I was wondering whether someone might know the answer to the following.
I'm using Python to build a character-based suffix tree. There are over 11 million nodes in the tree which fits in to approximately 3GB of memory. This was down from 7GB by using the slot class method rather than the Dict method.
When I serialise the tree (using the highest protocol) the resulting file is more than a hundred times smaller.
When I load the pickled file back in, it again consumes 3GB of memory. Where does this extra overhead come from, is it something to do with Pythons handling of memory references to class instances?
Update
Thank you larsmans and Gurgeh for your very helpful explanations and advice. I'm using the tree as part of an information retrieval interface over a corpus of texts.
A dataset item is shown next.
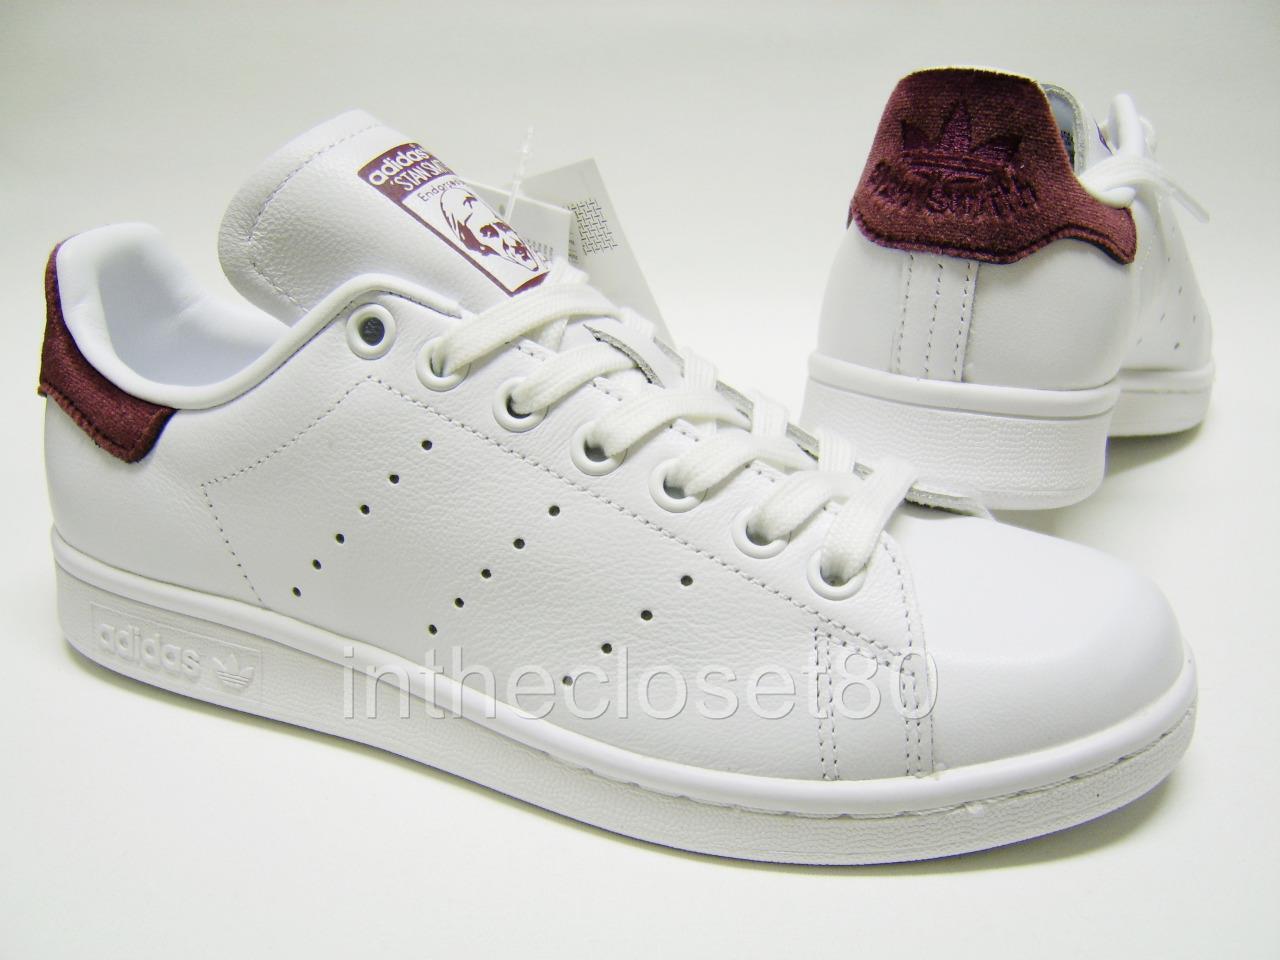 Adidas Stan Smith White Maroon Burgundy Red Velvet Womens Girls Trainers BB2867

I originally stored the children (max of 30) as a Numpy array, then tried the hardware version (ctypes.py_object*30
), the Python array (ArrayType
), as well as the dictionary and Set types.
Lists seemed to do better (using guppy to profile the memory, and __slots__['variable',...]
), but I'm still trying to squash it down a bit more if I can. The only problem I had with arrays is having to specify their size in advance, which causes a bit of redundancy in terms of nodes with only one child, and I have quite a lot of them. ;-)
After the tree is constructed I intend to convert it to a probabilistic tree with a second pass, but may be I can do this as the tree is constructed. As construction time is not too important in my case, the array.array() sounds like something that would be useful to try, thanks for the tip, really appreciated.
I'll let you know how it goes.